= Umuchu =

Town in the Aguata local government area of Anambra State, Nigeria

Umuchu is one of the largest towns in Aguata Local Government Area of Anambra State, Nigeria. Umuchu evolved from a decentralized structure to unified leadership with the first Igwe (king) in 1967;

Umuchu lies near the state border between Anambra and Imo States. It is connected by road to Umunze in the east and Igbo-Ukwu in the northwest. It is home to the Igbo people, and Umuchu is also the name of the local dialect of the Igbo language.

==Landmarks==
Umuchu contains St. Mathew Catholic Church, St. Thomas Anglican Church, St. Peters Anglican Church, Zion City Umuchu, built and donated by Mr Godwin Ezeemo, Honeywell Hotel in Potters Business Park, Multipurpose Computer Centre, and the newly licensed Orient Mega 101.7FM and is also home to Umuchu High Court, which as of 2008 was led by Justice Anthony Ezeoke.

==In literature==
Simon Alaghogu has authored a pamphlet "The History of Umuchu",which documents the six sons of Echu and establishment of the original six villages in the vicinity.

== Climate ==
The climate of Umuchu is tropical savanna. It experiences a Tropical Wet and Dry (Savanna) climate, characterized by consistently high temperatures (around 28–30 °C annually), significant humidity, distinct rainy (wet) and dry seasons, and ample sunshine, typical for equatorial West Africa, with weather often described as hot, humid, and occasionally rainy or cloudy, especially in wet months.
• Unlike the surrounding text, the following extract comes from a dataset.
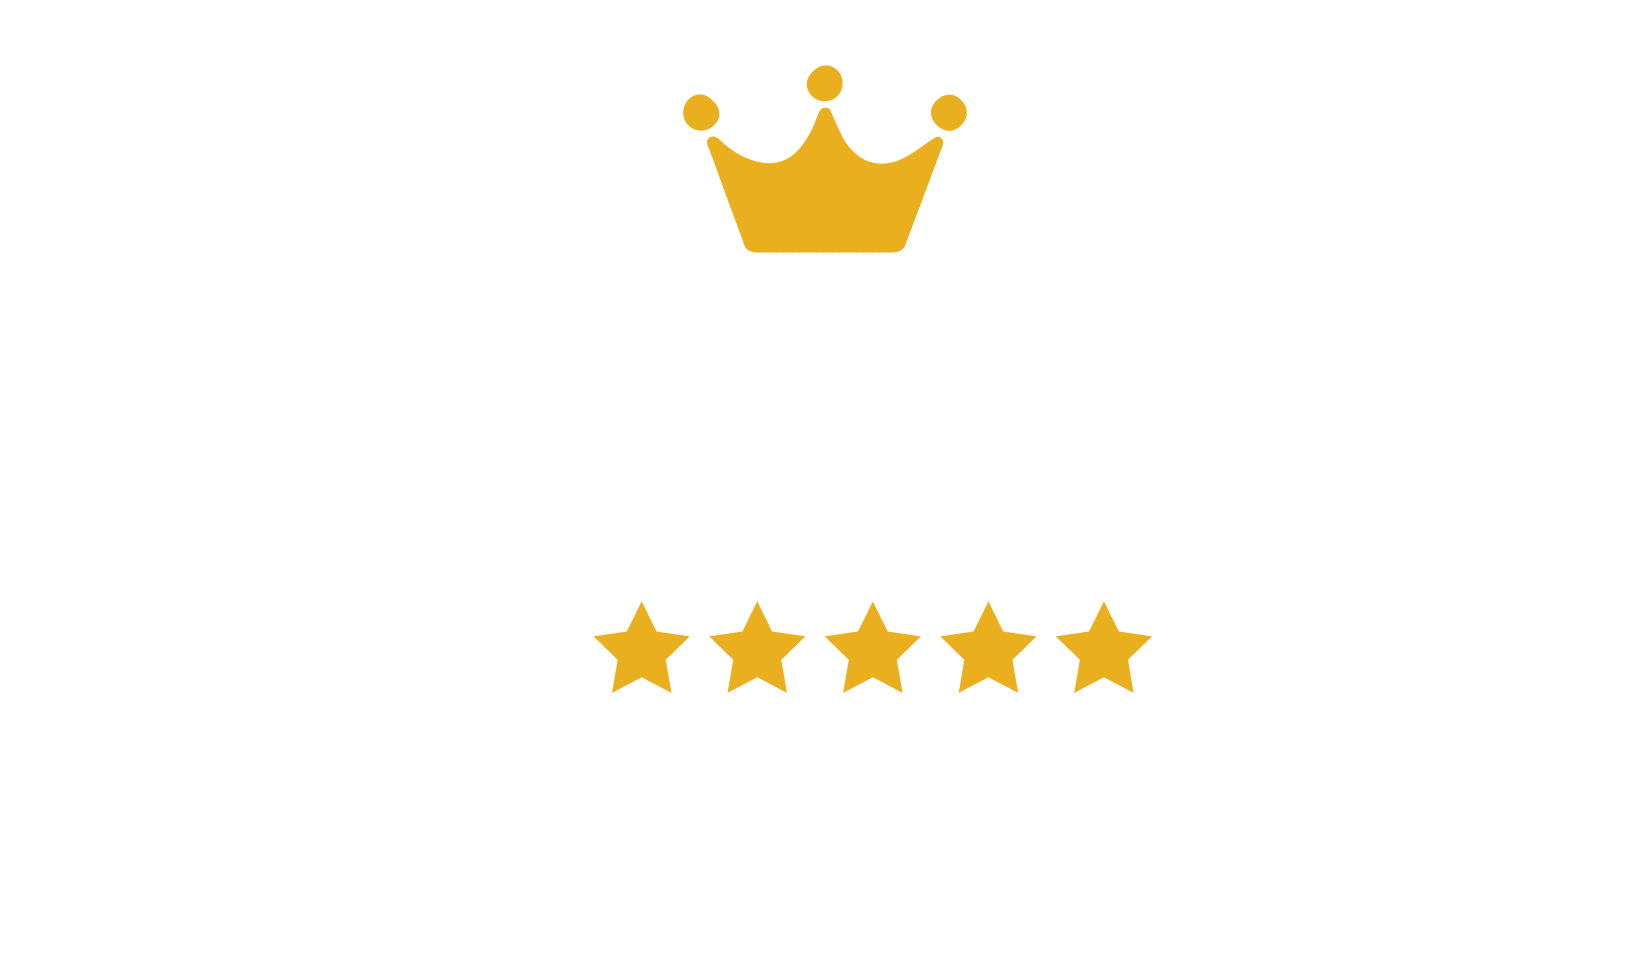 A captivating five star logo with a crown in the middle, perfect for web design or web development companies based in Toronto.

Every month is warm and there is both a wet and dry season. With an average humidity of 74% and a UV-index of 7, there are 91 dry days per year.

==Notable people==
- His Royal Highness Godson Ezechukwu, Paramount ruler of Umuchu
- Nelly Uchendu (1950–2005), singer and composer
- Ebube Nwagbo, actor and model
- Ebuka Obi-Uchendu, actor, socialite.
- Businessman and philanthropist Chief Abraham Ikechukwu Otti (Mighty-Mighty).
- Chief G.C Muokwe, all known for contributions in entertainment, business, community development, and traditional leadership.
- High Chief Nze Charles Ezenwabasili: A prominent figure, often seen with other dignitaries during community events.
- C. Don Adinuba: A former Anambra State Commissioner for Information, who often highlights figures from Umuchu.